For my smoking friends on my sidebar, as for the ‘smoking ban’ so rigorously prosecuted back at home, lets just say the French have perfected the art of the shrug. That gentle juggling of shoulders which means “So what?” Which is the attitude applied to the smoking ban, now enshrined in law throughout much of Europe and the Anglophone West. None of this ‘No smoking by anyone near anything anywhere or even looking at a cigarette at all- ever’ rules. M’sieur wishes to smoke? Just outside the door, under that nice snug little awning out of the immediate draught. Okay? As Mrs S and I had elected to eat at an outside table, the waitress, determined to practice her English on us, seemed surprised that we didn’t smoke, and there were children under five at the next table! Mon dieu! Call Les Pompiers! (Fire brigade) Whose van was round the corner while the lads were bunking off for a quiet Gauloise at the next Bar Tabac.
Paris isn’t a clean place. It’s busy and inexplicably dusty at present. Which if you’re overly houseproud or germ phobic might lead to a touch of the vapours. Off the main boulevards, down the side streets it’s all narrow sidewalks and busy people. Motorcycles and scooters parked on every space unoccupied by cafe tables. It’s hard to take your time unless you do so assertively. Give people room to get by and you’ll do fine. You will get bumped and barged if you’re in the way. Get used to it. You’re a touriste and therefore fair game. The locals walk briskly and with purpose. They have places to be, there’s not much room, and if you’re in the way; move it, sucker. Pavement (Sidewalk) dawdling and window shopping is best reserved for those days when the locals are still in bed or at work.
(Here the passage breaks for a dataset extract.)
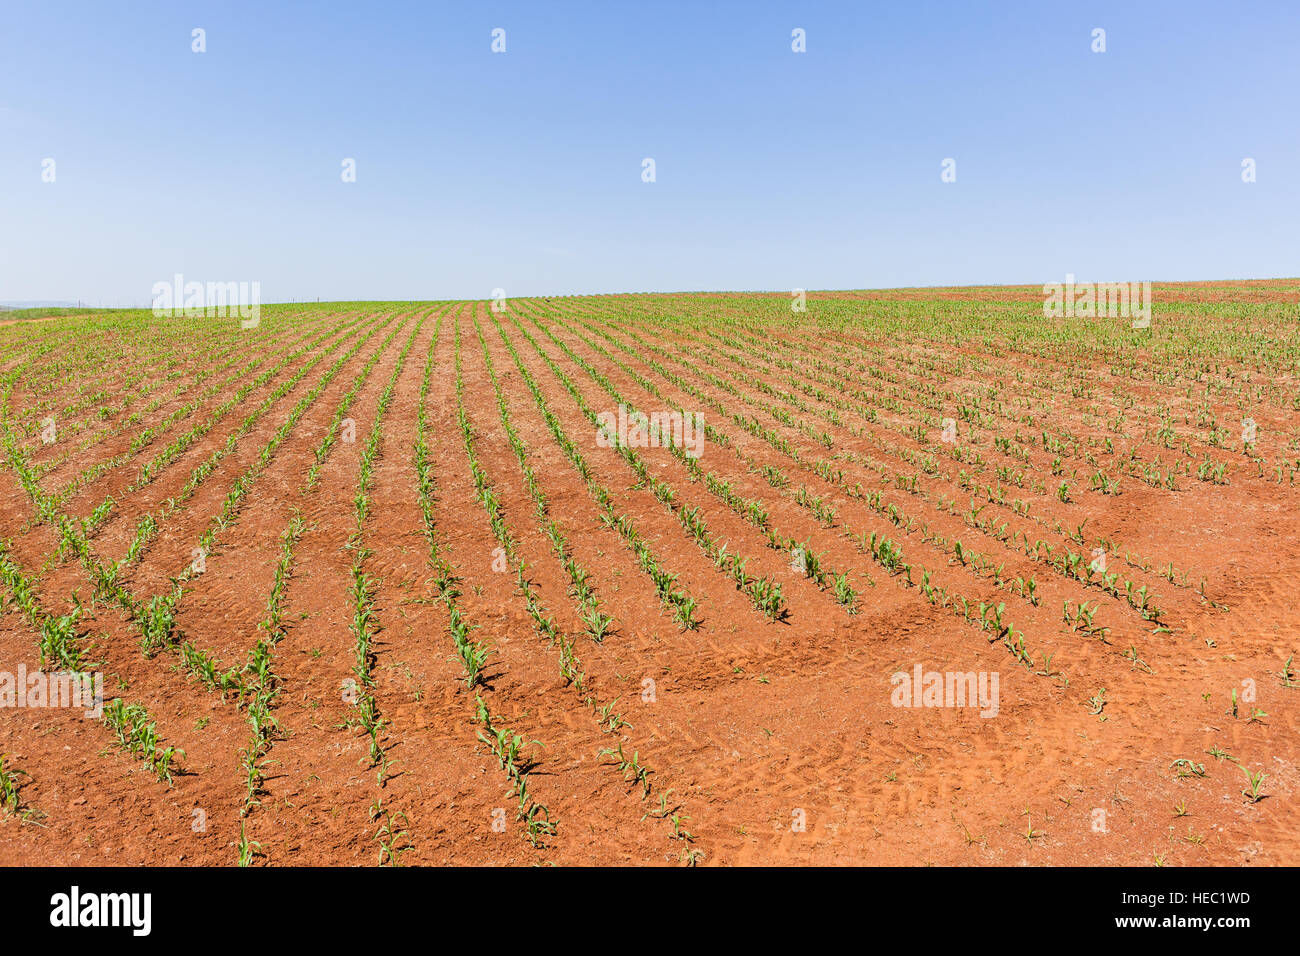 Farming landscape fields of food maize crops in summer season Stock Photo

As we headed from Gare Du Nord via taxi, at Place De La Republic there was a noisy demonstration of sorts going on. More like a concert than a demo. According to our driver it was a strike. When asked who by or what it was about, our man said he didn’t know or care. “There’s one every day.” He explained as he squeezed our cab through gaps with barely a cards breadth between them. Man, I am glad we didn’t hire a car. Paris driving is no place for the faint of heart.
BTW; today’s post was written while wearing my PJ trouser’s and brand new blue paisley dressing gown. I may go out wearing a bow tie this evening. I have brought two, one formal black and the other a genteel metallic paisley pattern picked up before we left London. Just in case Mrs S steers me into an establishment where ties are required. At which juncture I will defiantly tie it in sight of the Maitre ‘D (None of these cheap ready mades for me – no style whatsoever).
Hey, I’m on holiday. Meanwhile, back over the Channel, some sore losers have been kicking off because the voters didn’t see things their way. Ah, les pauvre petits. Wnakers. Bless.